14. Wees in het hier-en-nu met volledige aandacht voor de ander
- Geef je volledige aandacht aan de persoon waarmee je in gesprek bent, en focus je volledig. Je bent volledig in het hier-en-nu met de ander. Elon Musk staat hier bekend om. Hij behoudt de focus die hij met je heeft, zelfs na heel lang gecomputerd te hebben. Niks is erger dan ogen die achter je langs kijken om te zien of er iemand interessanters aanwezig is.
- Wat is een manier om dit te bereiken? Door in je lichaam te blijven (in plaats van je hoofd). Dat doe je door jezelf te aarden. Verbind je energie met de grond. De aarde voedt ons, kalmeert ons, helpt ons met onze emoties en houdt ons in ons lichaam.
- Een andere manier is zintuiglijke scherpzinnigheid. Heb aandacht voor alles en iedereen om je heen – wees bewust. Richt je aandacht naar buiten toe, zet je perifeer zicht aan en wees bewust van de energie om je heen en hoe het je beïnvloedt.
15. Ja én!
- Zeg ‘ja, en’ in plaats van ‘ja, maar’. ‘Ja’ zeggen is volgen. Je parafraseert of echoot wat je gesprekspartner zegt. `En’ zeggen is leiden. Vervolgens leid je met jouw ideeën en bemoedigingen. In het Milton Model wordt altijd ‘en' gebruikt in plaats van ‘maar'. Dit principe is het overeenstemmingskader, zoals toegelicht in het artikel over volgen en leiden.

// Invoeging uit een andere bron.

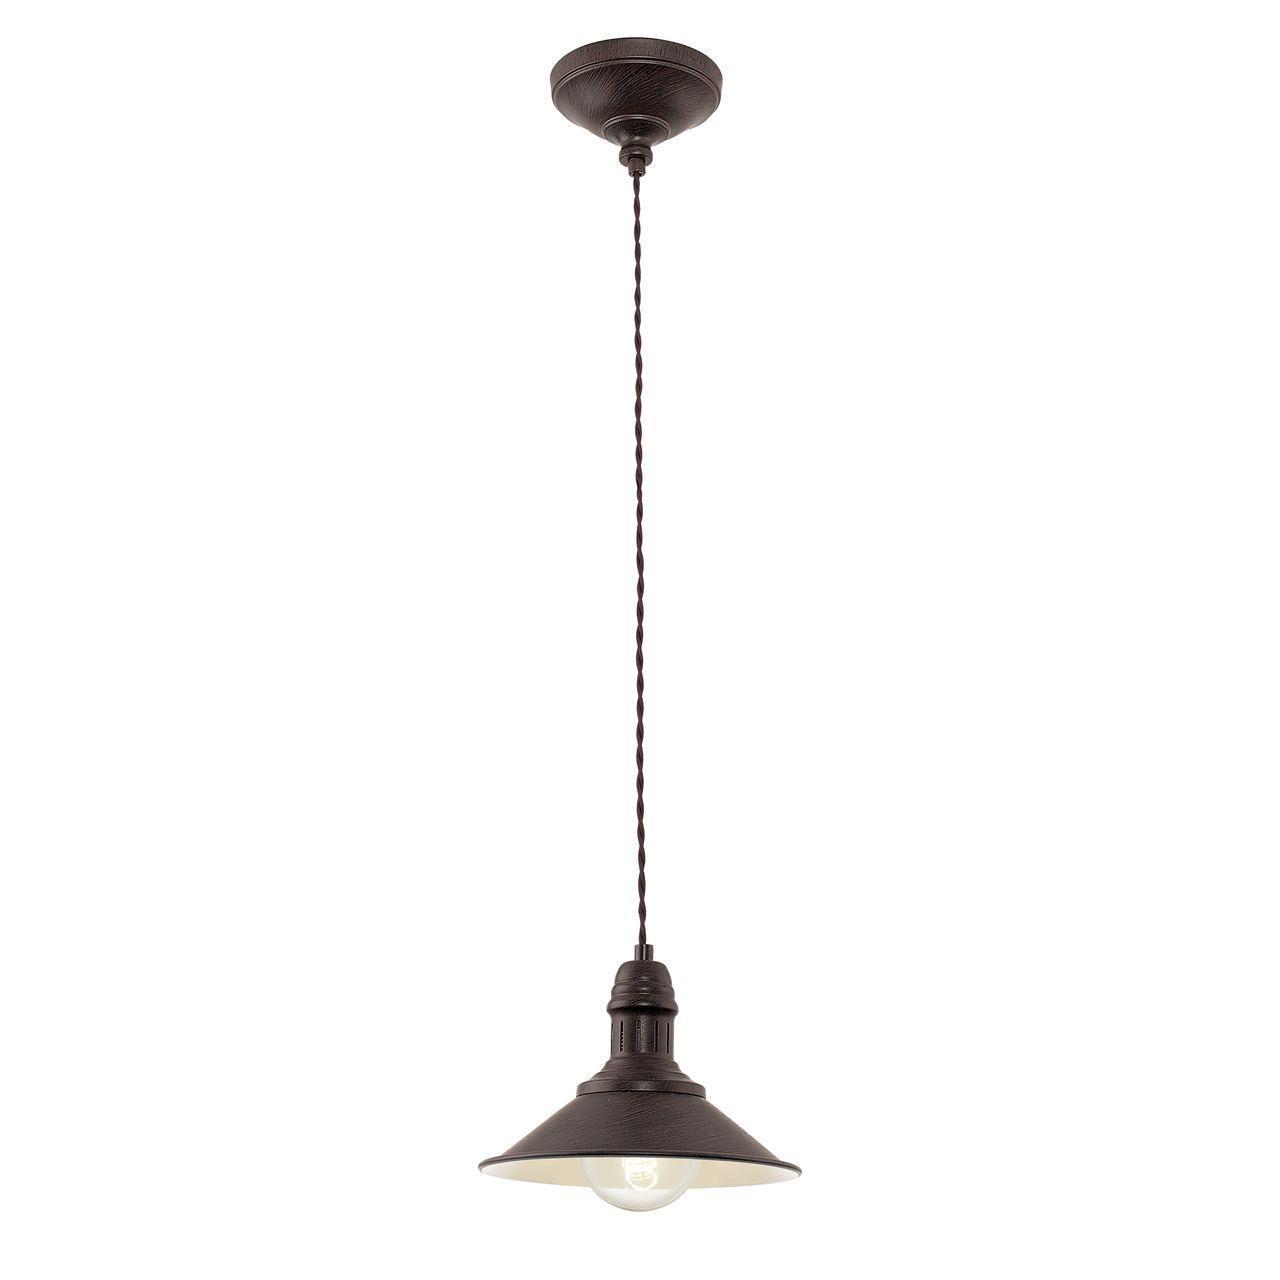 Подвесной светильник Eglo Stockbury 49455 цена

16. Glimlach! Heb een zachte liefdevolle energie
- Heb een glimlach. Of nog beter, heb een stralende, ondeugende, wakkere lach. Die krijg je als je in contact bent met je intuïtie. Je hebt dan een zachte, liefdevolle energie met stralende ogen. Je doet ertoe. Je straalt passie uit en: ‘zin in het leven!'
17. Wees intuïtief, want een klik is vaak een pure 'toevalstreffer'
- Een 100% zuivere klik met iemand is vaak een pure ‘toevalstreffer'. En niet iedereen kan toevalstreffers krijgen. Je krijgt dit soort ‘synchroniciteiten‘ als je je laat leiden door je intuïtie. Soms geeft jouw hart (je intuïtie dus) je iets in om te doen of juist te laten. Volg je je intuïtie, dan kan zomaar hart-tot-hart-communicatie ontstaan. Hier vind je 89+ tips om je intuïtie te volgen.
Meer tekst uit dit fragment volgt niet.